### Data below
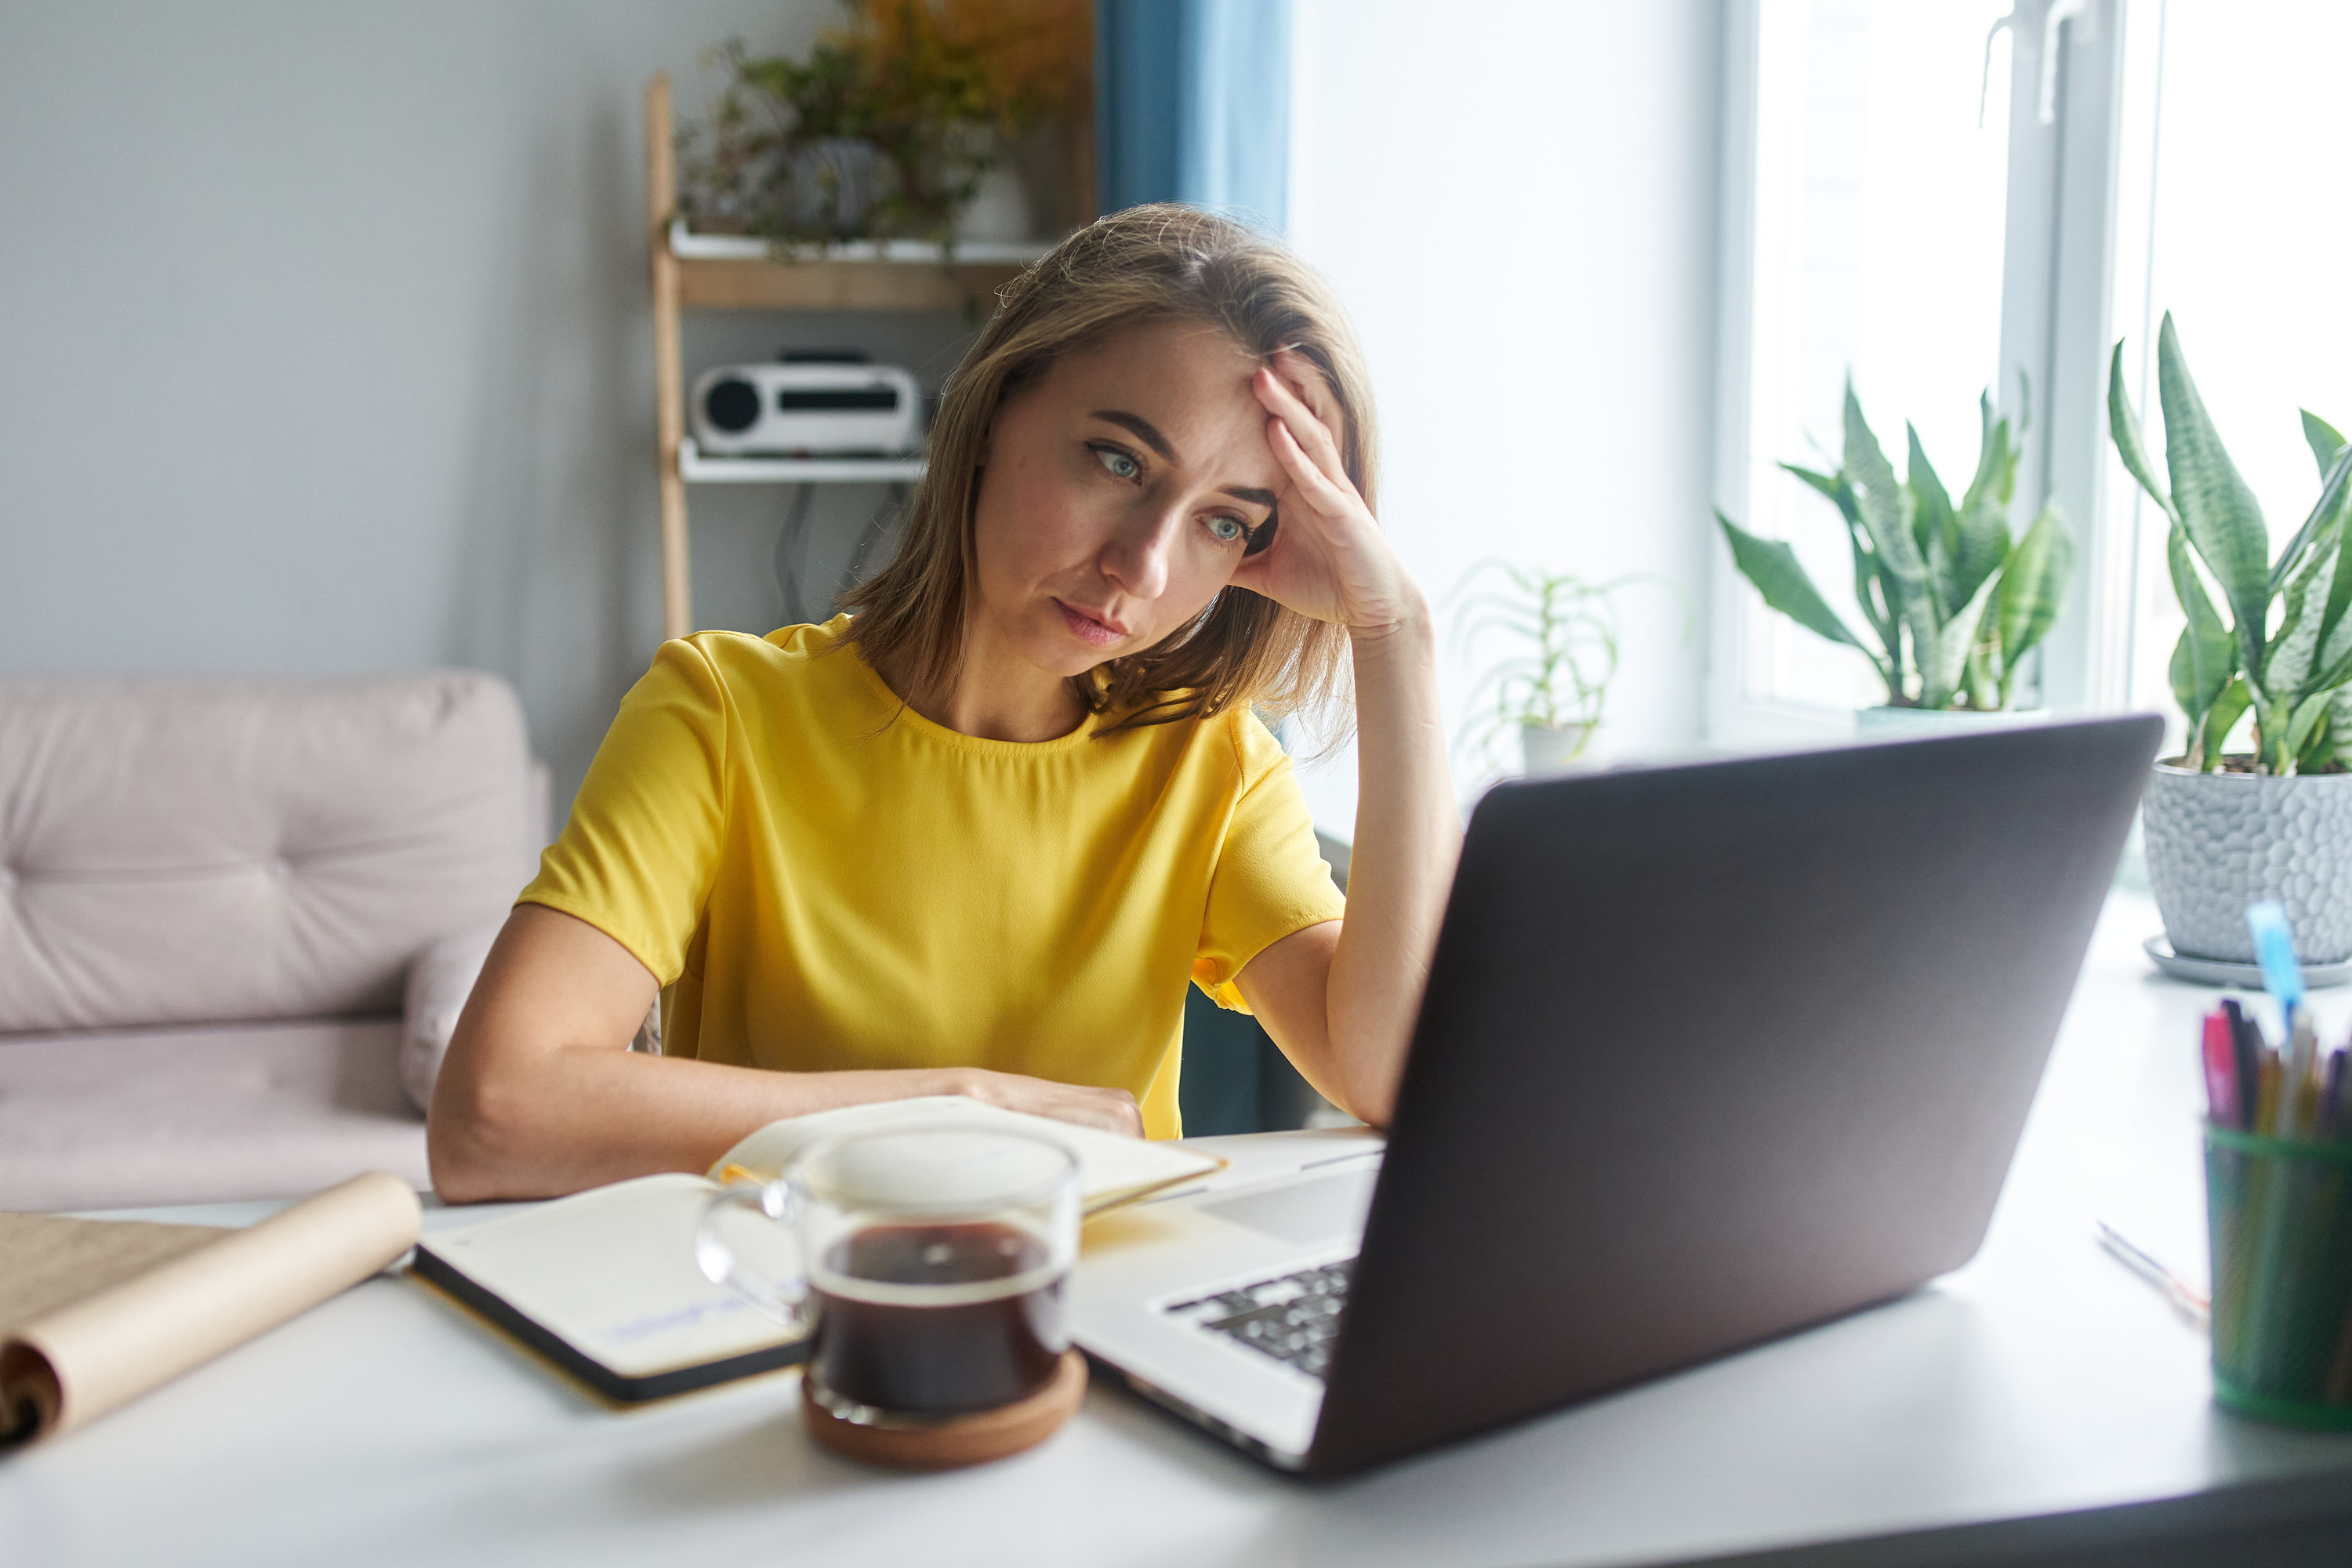 A woman looks stressed out while she stares at her laptop
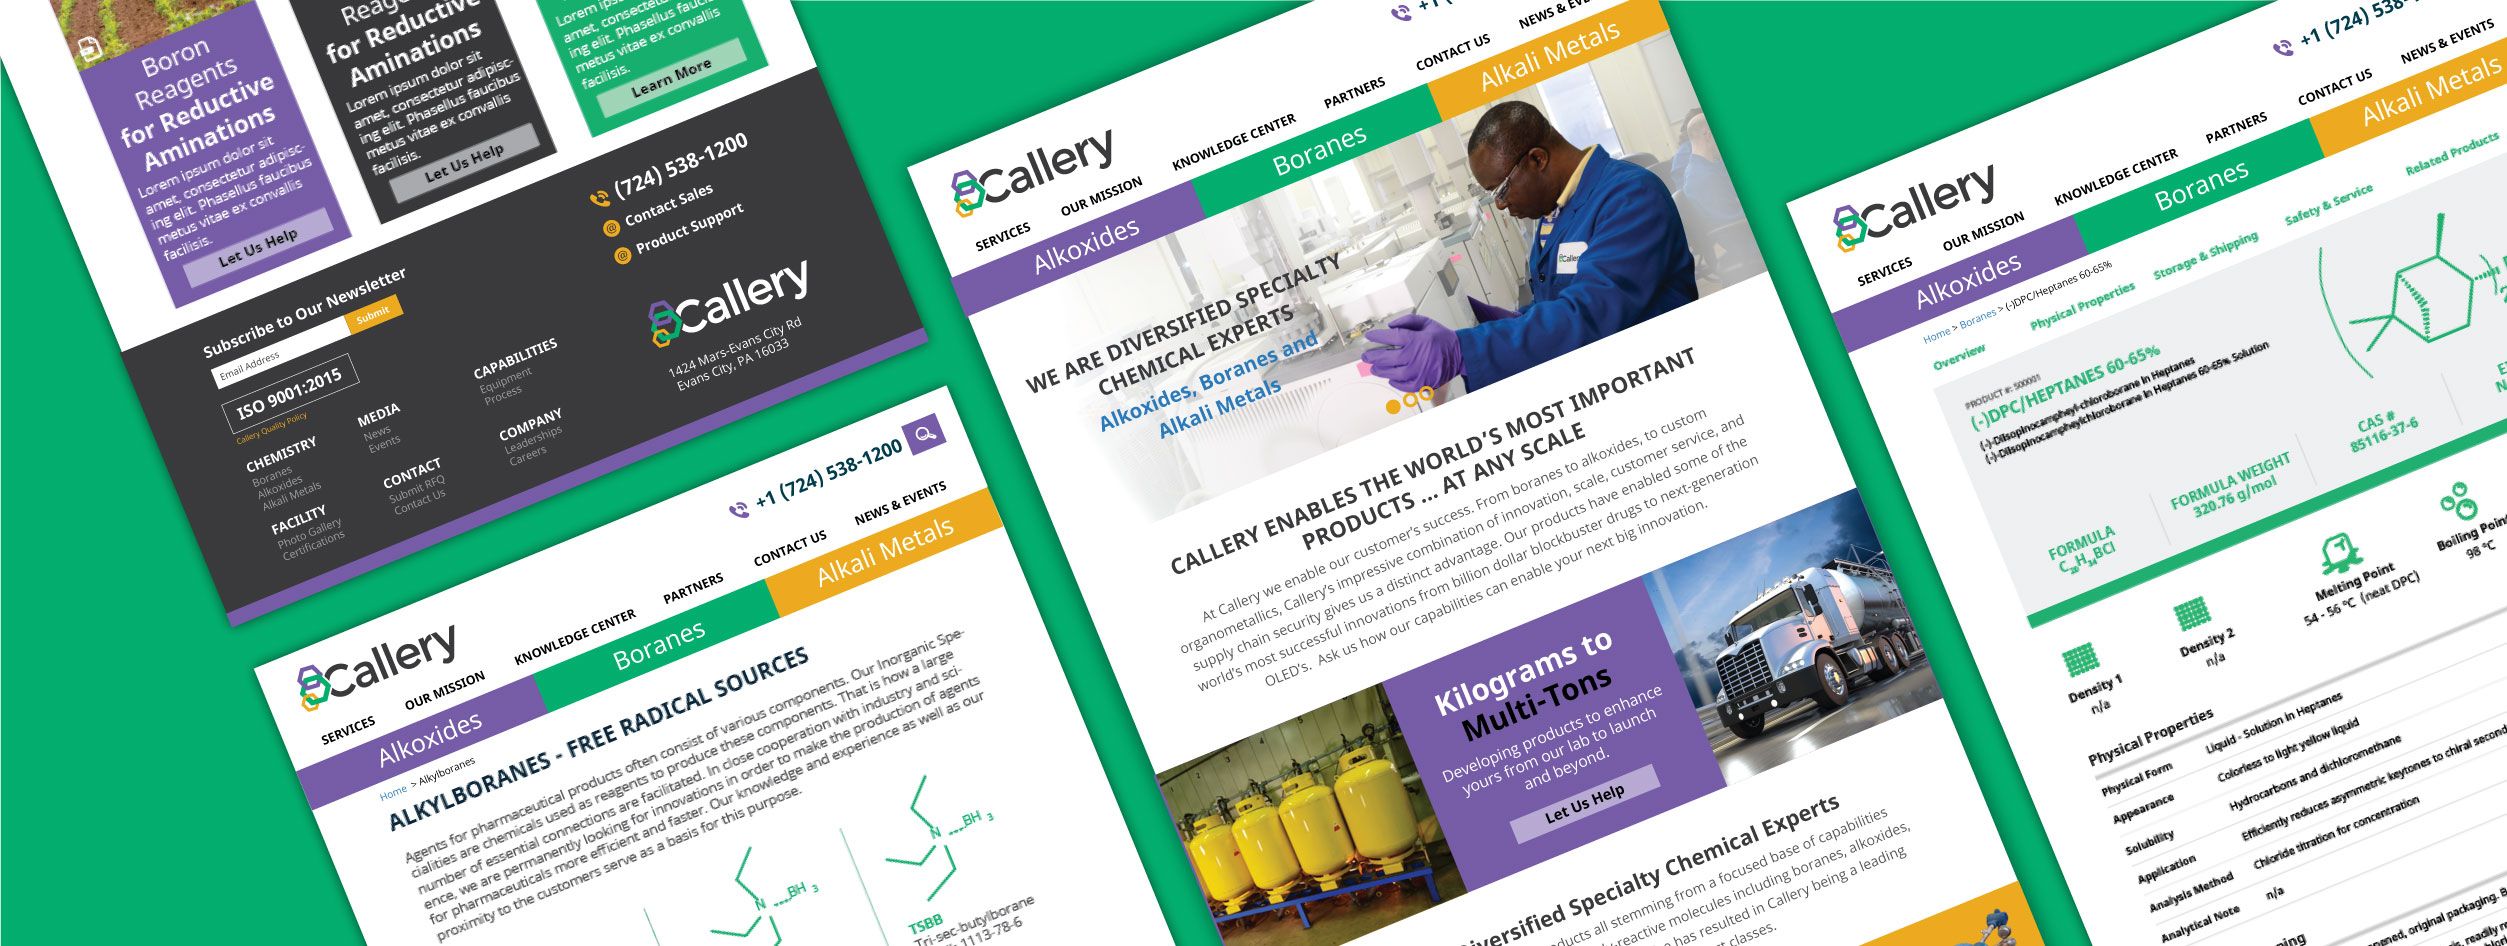 Callery: Integrated Marketing Campaing
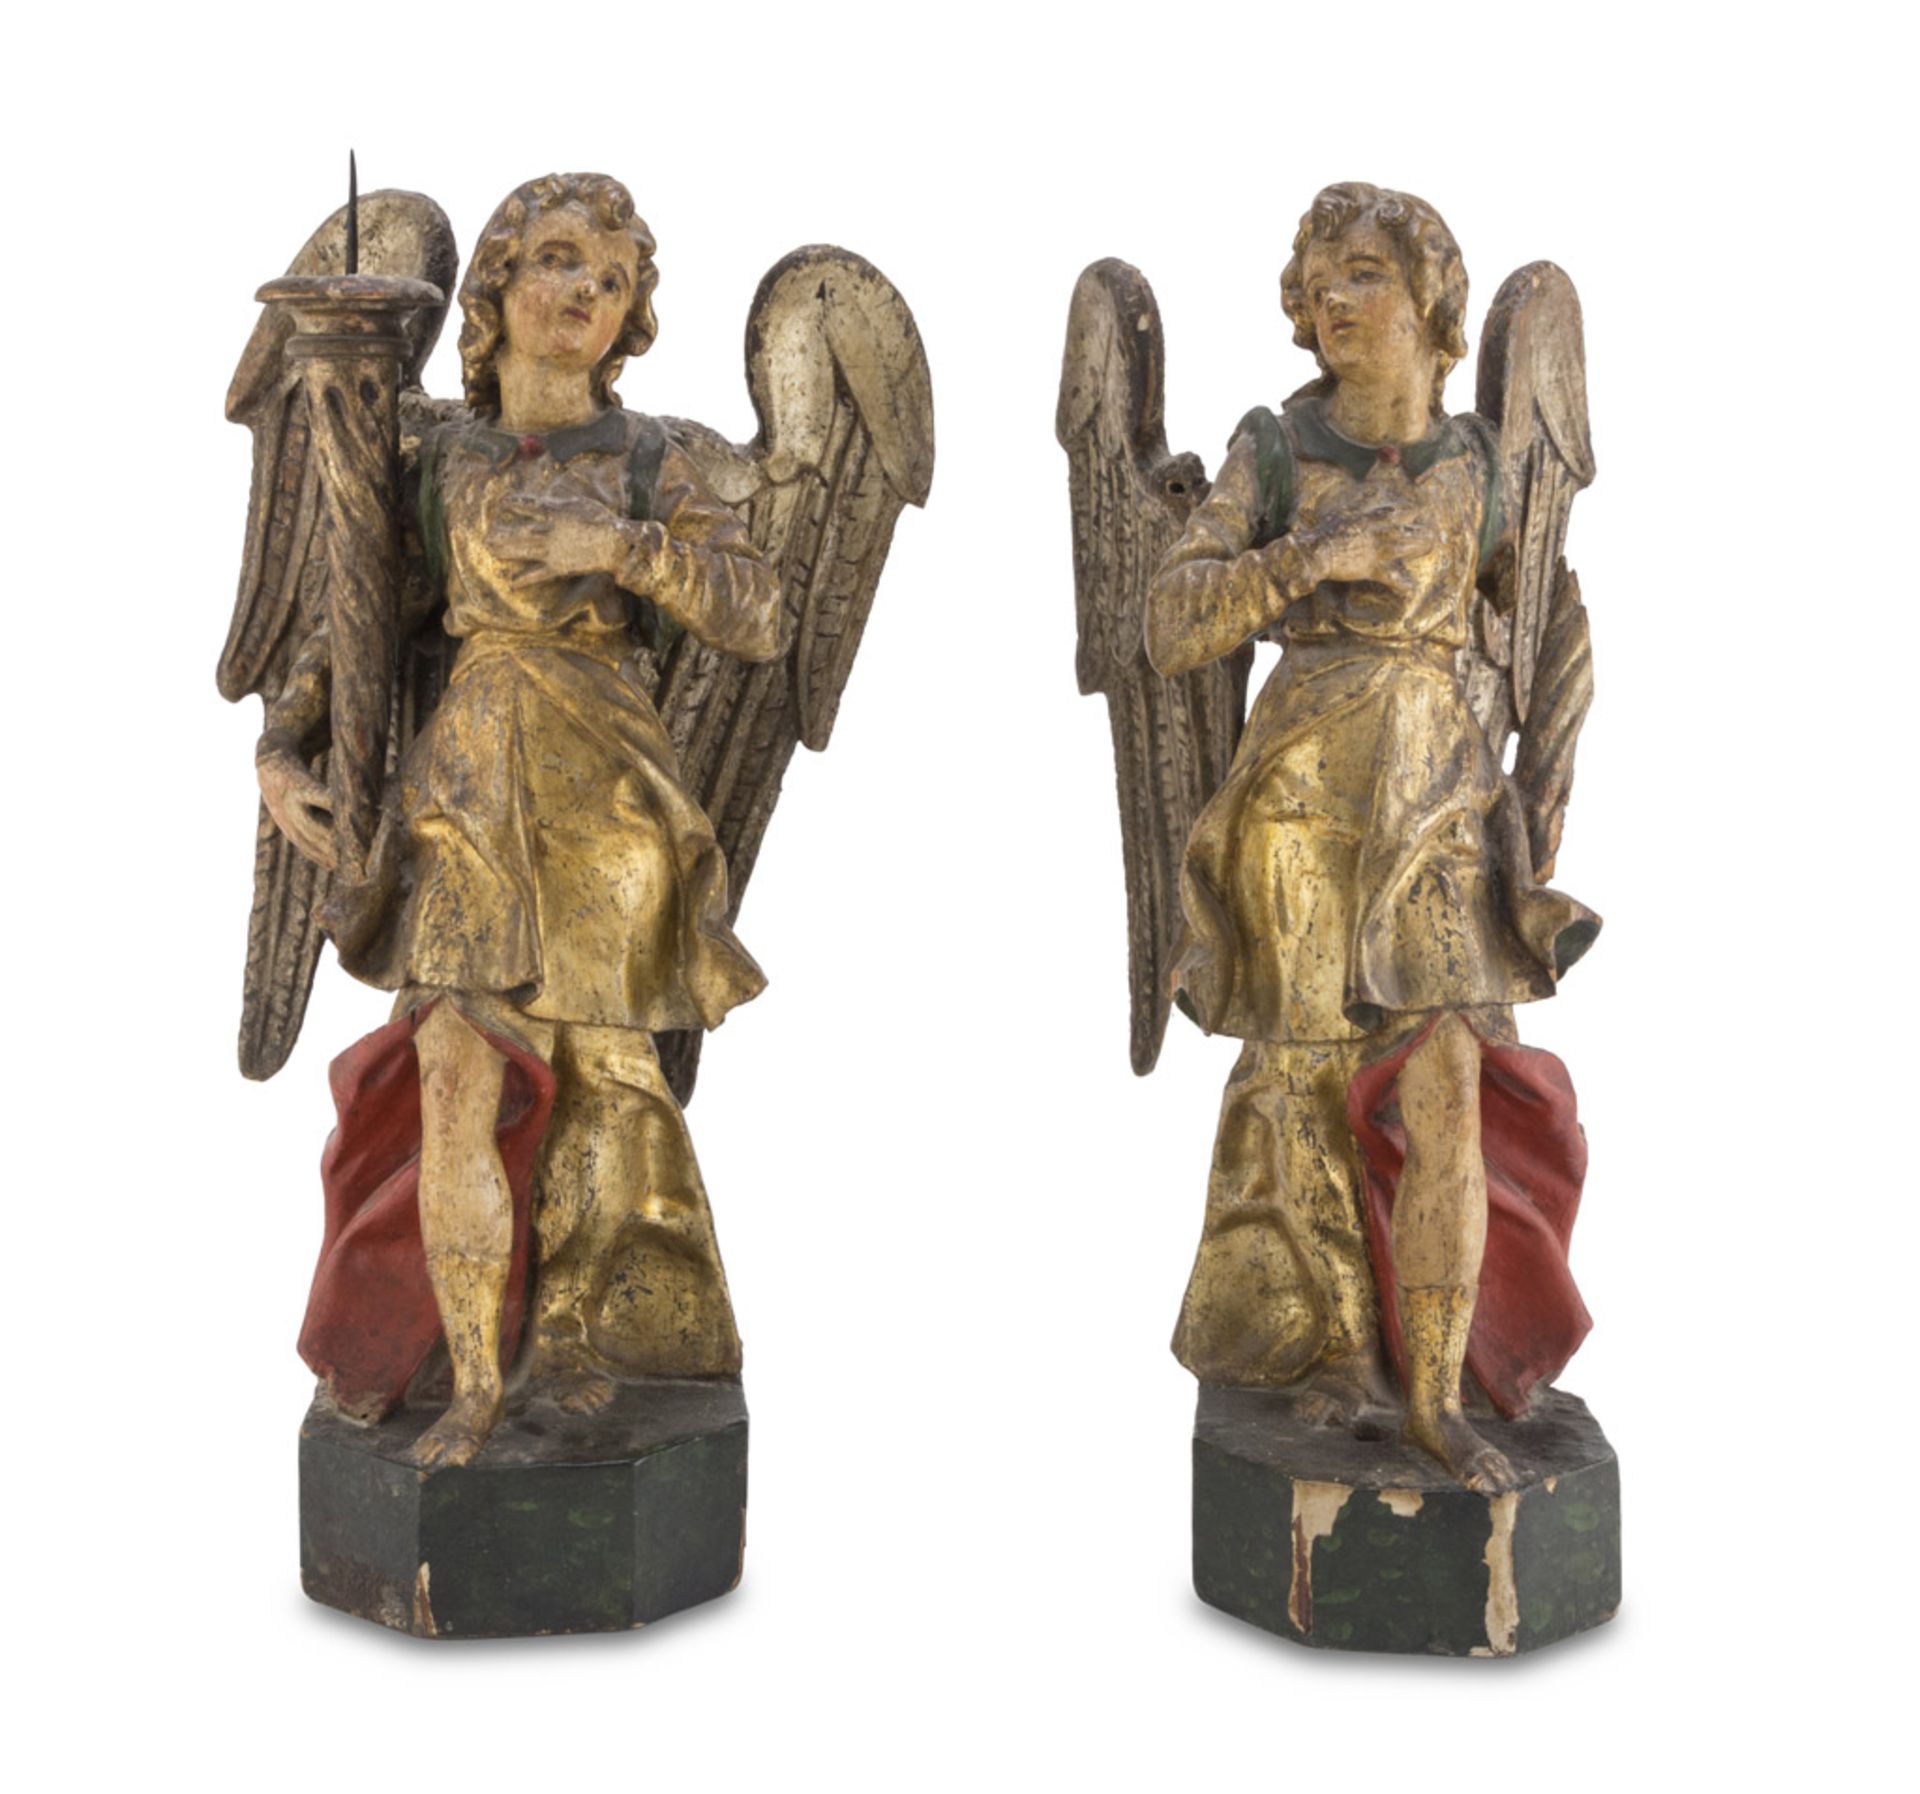 BEAUTIFUL PAIR OF SCULPTURES OF CANDLE HOLDER ANGELS, CENTRAL ITALY LATE 17TH CENTURY in gold and

### What is being asked
All of the material above goes into the copy exactly as is; the pictures do not.

### Solution to this exercise
 A woman looks stressed out while she stares at her laptop
 Callery: Integrated Marketing Campaing
 BEAUTIFUL PAIR OF SCULPTURES OF CANDLE HOLDER ANGELS, CENTRAL ITALY LATE 17TH CENTURY in gold and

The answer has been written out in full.